Thalassaemia

Normal newborn has 90%+ HbF (alpha-gamma chains), dropping with age. In childhood, normal HbF is <2%. HbA2 (alpha-delta instead of alpha-beta) is normally <3.5%, and HbA:HbA2 ratio should be at least 40:1.

Alpha thalassaemia

4 genes for alpha chains. Africans, Afro-Caribbean (provided no Chinese ancestry), South Asians tend to carry the deletional α+ allele (“alpha plus” thalassaemia) which has no health consequences for person or their children (but causes endless confusion…). If both parents have alpha plus, child can just end up alpha plus.

Mediterranean, Middle Eastern, East Asian, SE Asian can have alpha plus or “–” (“zero”) defect, that is more serious.

  • If alpha zero, there is usually mild microcytic anaemia, easily confused with iron deficiency. No treatment required, though. Risk of “HbH” disease if other parent alpha plus – abnormal tetramers form viz Hb Barts (4 deltas) and HbH (4 betas). There is mild to moderate anaemia, Heinz bodies (accumulations of excess beta chains) and splenomegaly. Most people do not need any treatment, however.
  • If both parents alpha zero, risk of all 4 alpha genes being abnormal – “alpha zero major” – survival is not possible. The baby develops hydrops (as the unstable Hb forms do not deliver oxygen appropriately, so organ failure), and death occurs in utero or soon after birth.

Electrophoresis will show high quantities of Hb Barts in alpha zero thal major. In the trait form, there are often normal levels of HbA and HbA2 so need to do gene deletions.

Beta thalassaemia

Seen in the Mediterranean, Africa, SE Asia. Just 2 genes, so a heterozygote is a carrier, may have mild microcytic anaemia. In the Mediterranean form, the gene is usually a zero producer, so the disease is more severe than in Africa, where production is reduced but not absent.

Beta thal Major (homozygous) present after 6 months of age with anaemia, frontal bossing, growth failure, hepatosplenomegaly.

In Beta-thal trait, HbA2 is obviously increased eg 3.5-7%, and ratio reduced eg 20:1. The only exception is if there is co-existing severe iron deficiency. In beta-thal disease, you may not see such an increase if there’s lots of HbF around (about half the cases), and increased HbF is not specific; but the clinical picture doesn’t leave much doubt. Inclusions (alpha chains) seen esp post splenectomy. Retic count surprisingly normal due to severe intramedullary erythroblast destruction.

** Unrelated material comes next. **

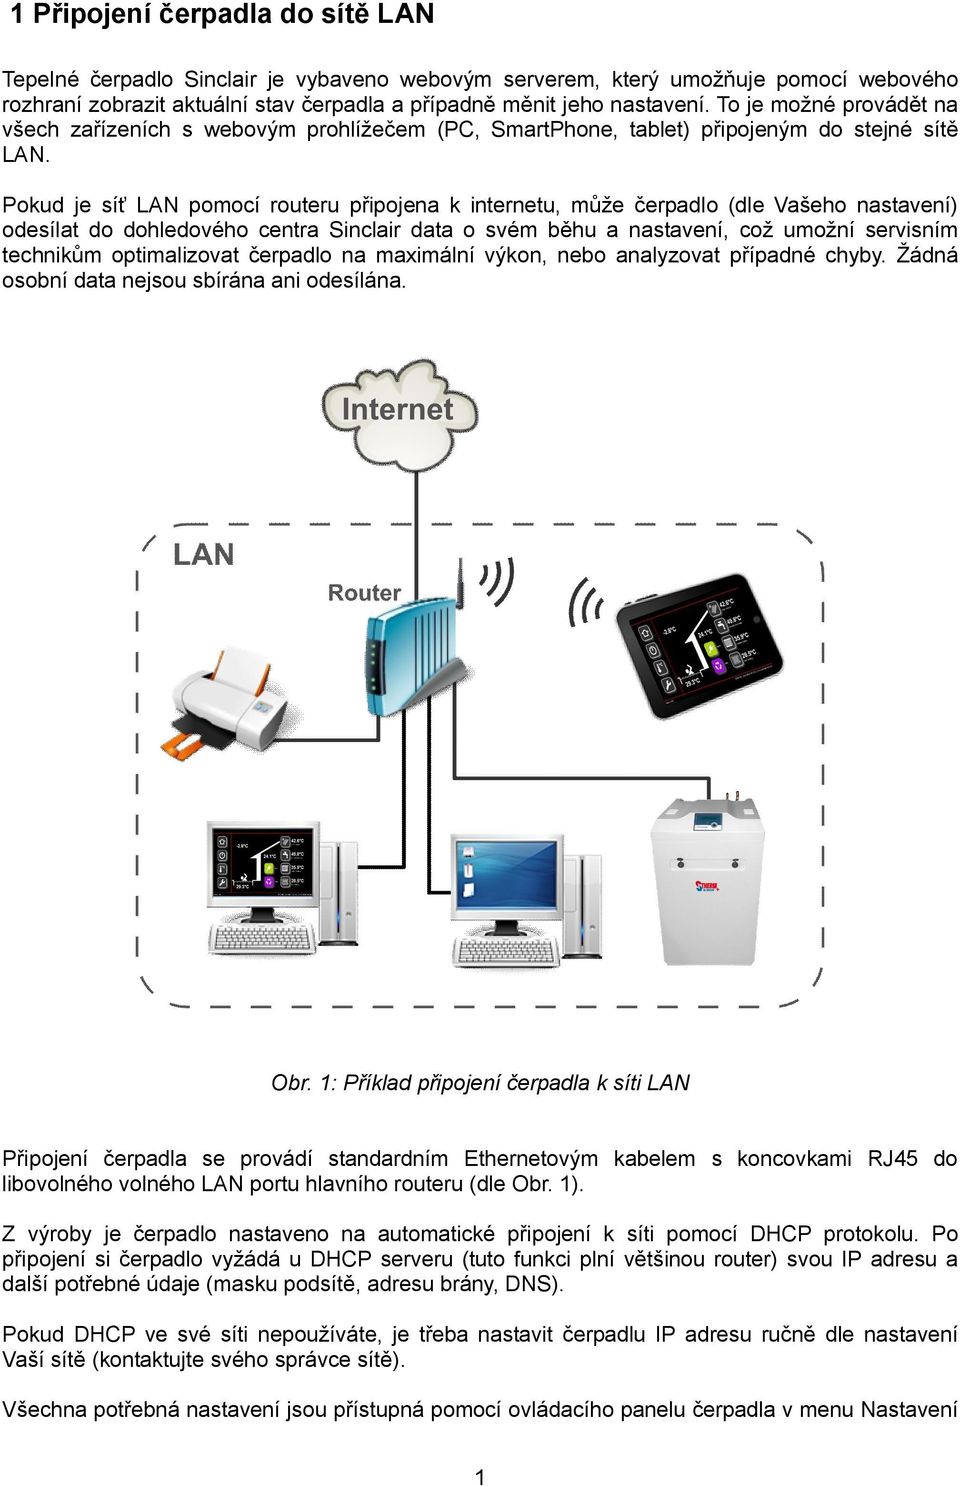 Pokud je síť LAN pomocí routeru připojena k internetu, může čerpadlo (dle Vašeho nastavení) odesílat do dohledového centra Sinclair data o svém běhu a nastavení, což umožní servisním technikům

Treatment is with folate and regular blood transfusion, which then leads to cirrhosis, pigmentation, diabetes etc. Splenectomy reduces transfusion requirements but because of the increased vulnerability to pneumococcal infection this is usually deferred until later childhood.

Deferipone is oral chelating agent, used in Europe but not licensed in US. Acrimonious debate between lead researcher and drug company about research.

An intermediate beta thal exists, where transfusion is only required at times of increased stress.

Combined alpha thalassaemia and sickle cell disease tends to give less anaemia, but more vaso-occlusive crises.